WHAT IS REQUIRED. Everything in the listing below must be duplicated exactly.

MATERIAL FOR THE TASK.
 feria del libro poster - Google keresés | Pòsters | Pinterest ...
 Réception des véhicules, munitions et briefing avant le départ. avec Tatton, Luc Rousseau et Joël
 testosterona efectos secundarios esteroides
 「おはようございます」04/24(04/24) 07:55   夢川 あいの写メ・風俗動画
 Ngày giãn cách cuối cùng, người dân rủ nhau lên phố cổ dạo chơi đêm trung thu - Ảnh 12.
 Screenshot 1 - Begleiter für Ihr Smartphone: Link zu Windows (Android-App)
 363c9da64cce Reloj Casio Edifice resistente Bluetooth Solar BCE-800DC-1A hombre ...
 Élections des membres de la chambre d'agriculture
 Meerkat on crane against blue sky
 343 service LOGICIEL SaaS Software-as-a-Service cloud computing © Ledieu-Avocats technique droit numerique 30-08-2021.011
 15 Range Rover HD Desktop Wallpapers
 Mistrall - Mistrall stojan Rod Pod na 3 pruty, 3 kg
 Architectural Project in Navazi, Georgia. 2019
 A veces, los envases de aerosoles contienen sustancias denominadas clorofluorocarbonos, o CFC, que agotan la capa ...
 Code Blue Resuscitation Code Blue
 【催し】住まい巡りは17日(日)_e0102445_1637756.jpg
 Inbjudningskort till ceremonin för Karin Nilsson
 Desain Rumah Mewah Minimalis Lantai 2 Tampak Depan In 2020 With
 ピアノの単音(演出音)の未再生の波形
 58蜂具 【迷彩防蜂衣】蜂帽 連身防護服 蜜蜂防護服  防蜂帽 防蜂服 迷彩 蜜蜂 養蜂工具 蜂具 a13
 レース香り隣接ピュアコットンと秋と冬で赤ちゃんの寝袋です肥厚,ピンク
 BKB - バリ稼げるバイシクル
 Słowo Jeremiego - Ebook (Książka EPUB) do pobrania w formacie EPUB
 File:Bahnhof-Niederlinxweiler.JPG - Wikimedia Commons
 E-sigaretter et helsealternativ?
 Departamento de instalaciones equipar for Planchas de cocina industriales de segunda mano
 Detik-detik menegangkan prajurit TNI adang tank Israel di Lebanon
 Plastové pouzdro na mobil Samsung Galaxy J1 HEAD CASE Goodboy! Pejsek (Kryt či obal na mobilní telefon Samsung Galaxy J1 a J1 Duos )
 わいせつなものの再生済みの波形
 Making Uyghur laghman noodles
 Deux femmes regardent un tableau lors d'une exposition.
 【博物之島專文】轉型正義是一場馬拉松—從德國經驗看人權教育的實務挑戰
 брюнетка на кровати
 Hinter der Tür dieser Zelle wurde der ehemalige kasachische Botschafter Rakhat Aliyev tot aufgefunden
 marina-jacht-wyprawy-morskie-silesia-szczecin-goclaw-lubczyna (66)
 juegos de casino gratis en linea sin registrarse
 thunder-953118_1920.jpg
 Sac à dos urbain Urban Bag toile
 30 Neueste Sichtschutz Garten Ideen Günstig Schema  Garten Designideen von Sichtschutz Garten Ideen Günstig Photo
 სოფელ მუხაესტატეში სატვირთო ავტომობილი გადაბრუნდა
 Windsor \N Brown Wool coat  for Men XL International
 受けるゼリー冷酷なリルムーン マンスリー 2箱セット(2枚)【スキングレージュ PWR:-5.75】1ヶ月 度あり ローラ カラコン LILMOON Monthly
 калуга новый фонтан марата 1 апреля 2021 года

FINAL ANSWER.
 feria del libro poster - Google keresés | Pòsters | Pinterest ...
 Réception des véhicules, munitions et briefing avant le départ. avec Tatton, Luc Rousseau et Joël
 testosterona efectos secundarios esteroides
 「おはようございます」04/24(04/24) 07:55   夢川 あいの写メ・風俗動画
 Ngày giãn cách cuối cùng, người dân rủ nhau lên phố cổ dạo chơi đêm trung thu - Ảnh 12.
 Screenshot 1 - Begleiter für Ihr Smartphone: Link zu Windows (Android-App)
 363c9da64cce Reloj Casio Edifice resistente Bluetooth Solar BCE-800DC-1A hombre ...
 Élections des membres de la chambre d'agriculture
 Meerkat on crane against blue sky
 343 service LOGICIEL SaaS Software-as-a-Service cloud computing © Ledieu-Avocats technique droit numerique 30-08-2021.011
 15 Range Rover HD Desktop Wallpapers
 Mistrall - Mistrall stojan Rod Pod na 3 pruty, 3 kg
 Architectural Project in Navazi, Georgia. 2019
 A veces, los envases de aerosoles contienen sustancias denominadas clorofluorocarbonos, o CFC, que agotan la capa ...
 Code Blue Resuscitation Code Blue
 【催し】住まい巡りは17日(日)_e0102445_1637756.jpg
 Inbjudningskort till ceremonin för Karin Nilsson
 Desain Rumah Mewah Minimalis Lantai 2 Tampak Depan In 2020 With
 ピアノの単音(演出音)の未再生の波形
 58蜂具 【迷彩防蜂衣】蜂帽 連身防護服 蜜蜂防護服  防蜂帽 防蜂服 迷彩 蜜蜂 養蜂工具 蜂具 a13
 レース香り隣接ピュアコットンと秋と冬で赤ちゃんの寝袋です肥厚,ピンク
 BKB - バリ稼げるバイシクル
 Słowo Jeremiego - Ebook (Książka EPUB) do pobrania w formacie EPUB
 File:Bahnhof-Niederlinxweiler.JPG - Wikimedia Commons
 E-sigaretter et helsealternativ?
 Departamento de instalaciones equipar for Planchas de cocina industriales de segunda mano
 Detik-detik menegangkan prajurit TNI adang tank Israel di Lebanon
 Plastové pouzdro na mobil Samsung Galaxy J1 HEAD CASE Goodboy! Pejsek (Kryt či obal na mobilní telefon Samsung Galaxy J1 a J1 Duos )
 わいせつなものの再生済みの波形
 Making Uyghur laghman noodles
 Deux femmes regardent un tableau lors d'une exposition.
 【博物之島專文】轉型正義是一場馬拉松—從德國經驗看人權教育的實務挑戰
 брюнетка на кровати
 Hinter der Tür dieser Zelle wurde der ehemalige kasachische Botschafter Rakhat Aliyev tot aufgefunden
 marina-jacht-wyprawy-morskie-silesia-szczecin-goclaw-lubczyna (66)
 juegos de casino gratis en linea sin registrarse
 thunder-953118_1920.jpg
 Sac à dos urbain Urban Bag toile
 30 Neueste Sichtschutz Garten Ideen Günstig Schema  Garten Designideen von Sichtschutz Garten Ideen Günstig Photo
 სოფელ მუხაესტატეში სატვირთო ავტომობილი გადაბრუნდა
 Windsor \N Brown Wool coat  for Men XL International
 受けるゼリー冷酷なリルムーン マンスリー 2箱セット(2枚)【スキングレージュ PWR:-5.75】1ヶ月 度あり ローラ カラコン LILMOON Monthly
 калуга новый фонтан марата 1 апреля 2021 года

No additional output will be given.